26 Feb Learning to Read Poetry – February 27 2021
Posted at 20:15h
in Daily Thoughts
How does the ordinary person come to the transcendent? For a start, I would say, study poetry. Learn how to read a poem. You need not have the experience to get the message, or at least some indication of the message. It may come gradually.
Joseph Campbell,
Thou Art That: Transforming Religious Metaphor
Postscript
And some time make the time to drive out west
Into County Clare, along the Flaggy Shore,
In September or October, when the wind
And the light are working off each other
So that the ocean on one side is wild
With foam and glitter, and inland among stones
The surface of a slate-grey lake is lit
By the earthed lightning of a flock of swans,
Their feathers roughed and ruffling, white on white,
Their fully grown headstrong-looking heads
Tucked or cresting or busy underwater.
Useless to think you’ll park and capture it
More thoroughly.

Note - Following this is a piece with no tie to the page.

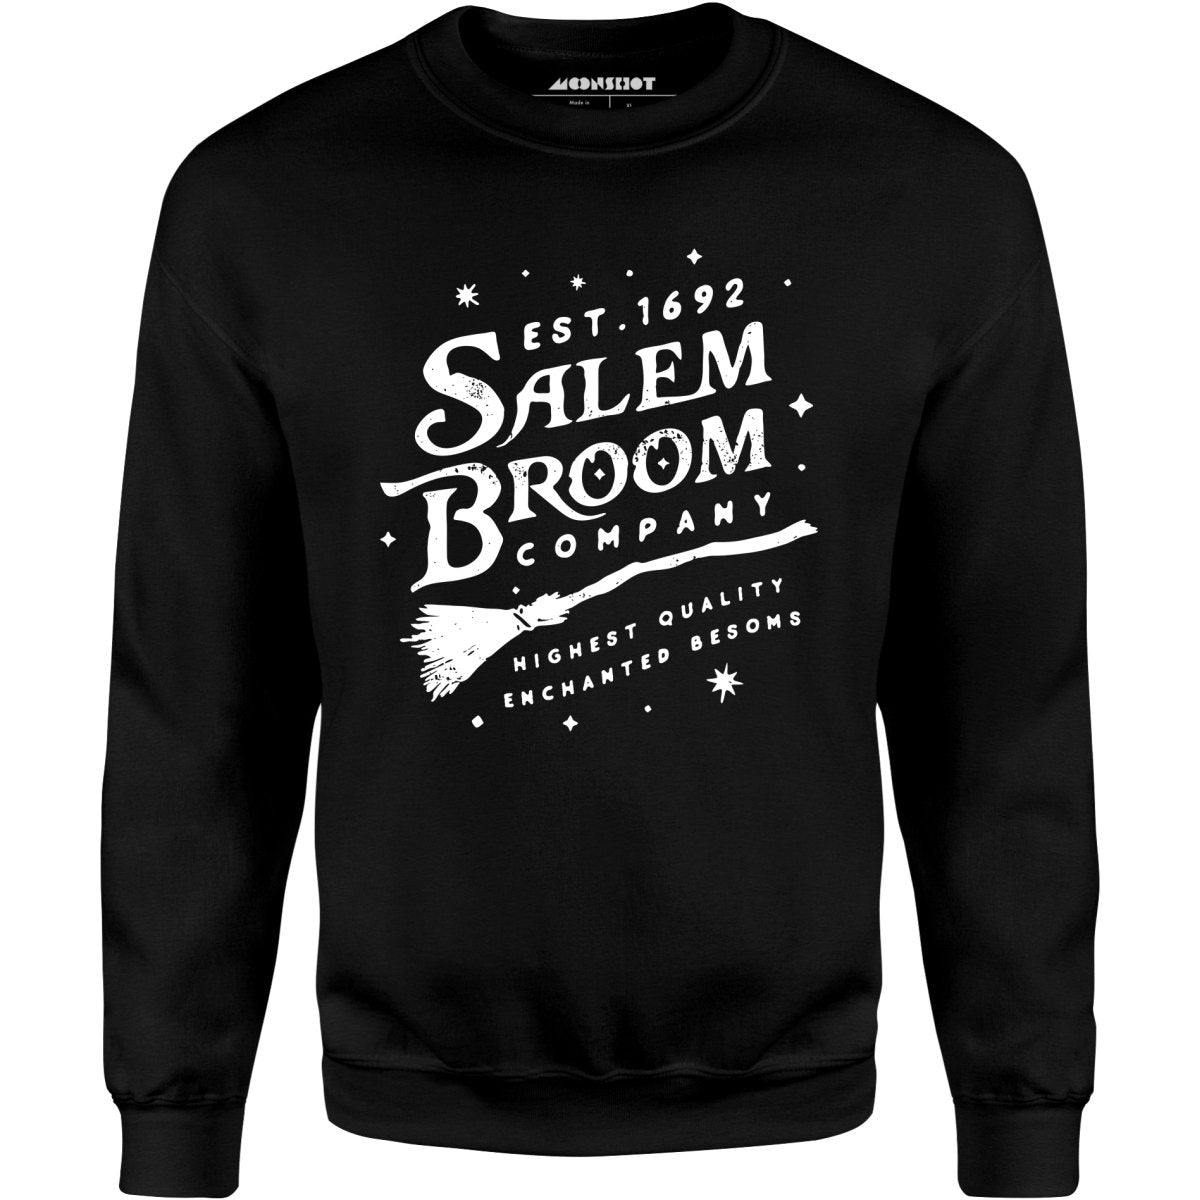 Salem Broom Company - Unisex Sweatshirt
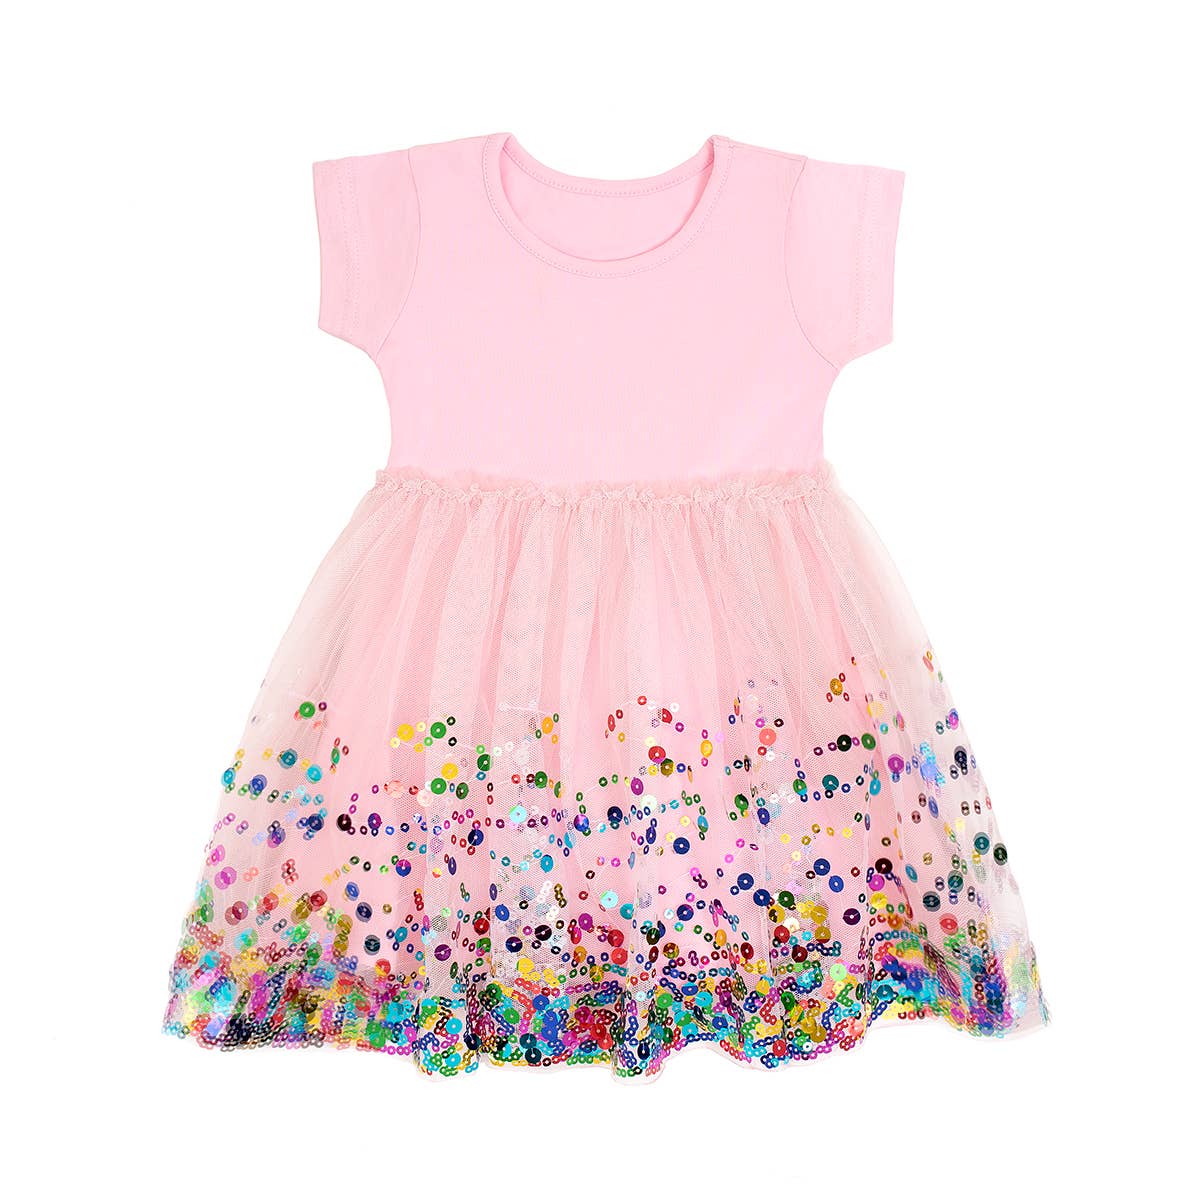 Pink Confetti Tutu Dress - Girls Dress

You are neither here nor there,
A hurry through which known and strange things pass
As big soft buffetings come at the car sideways
And catch the heart off guard and blow it open.
1939 – 2013
Today I will look for the poetic in my life. I will seek beauty in the way my partner brushes her hair, straightens his shirt, touches her ear as she thinks about her day. I will stand for a time with a tree, knowing that it, too, has poetry to reveal to me.